Studio album by Remedy Drive
- Released: September 18, 2012
- Recorded: 2012
- Studio: The Bomb Shelter (Brentwood, TN)
- Genre: Contemporary Christian music, Christian rock, indie rock
- Length: 36:29
- Label: Centricity Music
- Producer: Peter Kipley

Remedy Drive chronology
| Light Makes a Way EP (2011) | Resuscitate (2012) | Commodity (2014) |

Singles from Resuscitate
- "Better Than Life" Released: July 24, 2012; "Resuscitate Me" Released: 2012;

Alternative cover
- Resuscitate: The Acoustic Sessions

= Resuscitate (album) =

Resuscitate is the third studio album by contemporary Christian music band Remedy Drive. It was released on September 18, 2012, through Centricity Music. The album was produced by Peter Kipley at The Bomb Shelter in Brentwood, Tennessee.

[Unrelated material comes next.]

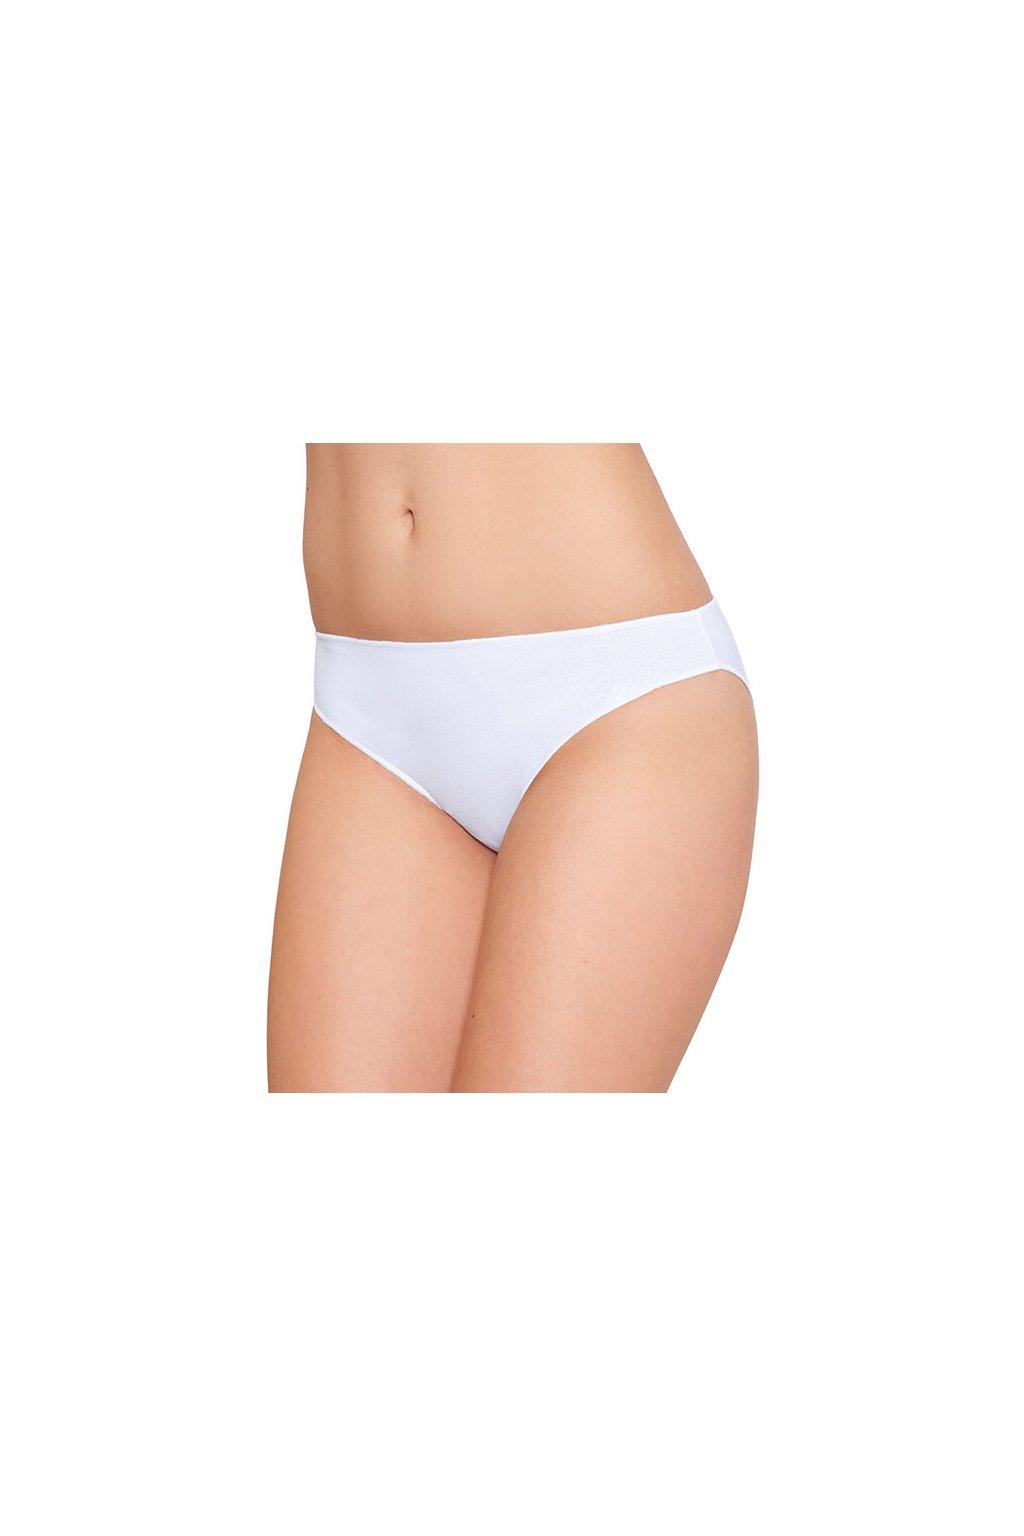 Dámské kalhotky, 10089 1, bílá

The first radio single was "Better Than Life" that charted at No. 46 on the Billboard Christian Songs chart. "Resuscitate Me" was the No. 1 Billboard Christian Rock song. The album debut on the Billboard Christian and Heatseekers Albums charts at Nos. 23 and 20 respectively.

In 2013, a follow-up album was released, titled Resuscitate: The Acoustic Sessions, and it included acoustic remixes of the album's original ten songs.

==Background==
David Zach said to Grace S. Aspinwall of CCM Magazine that "'the album, Resuscitate was really born out of a time of grieving...the thrill of being on the radio was so exciting when we started out, and getting to tour with bands that we had looked up to was so much fun. But at the same time, we missed our families so much, and it really wore us out. My brothers decided that it was time to move on to something else.'"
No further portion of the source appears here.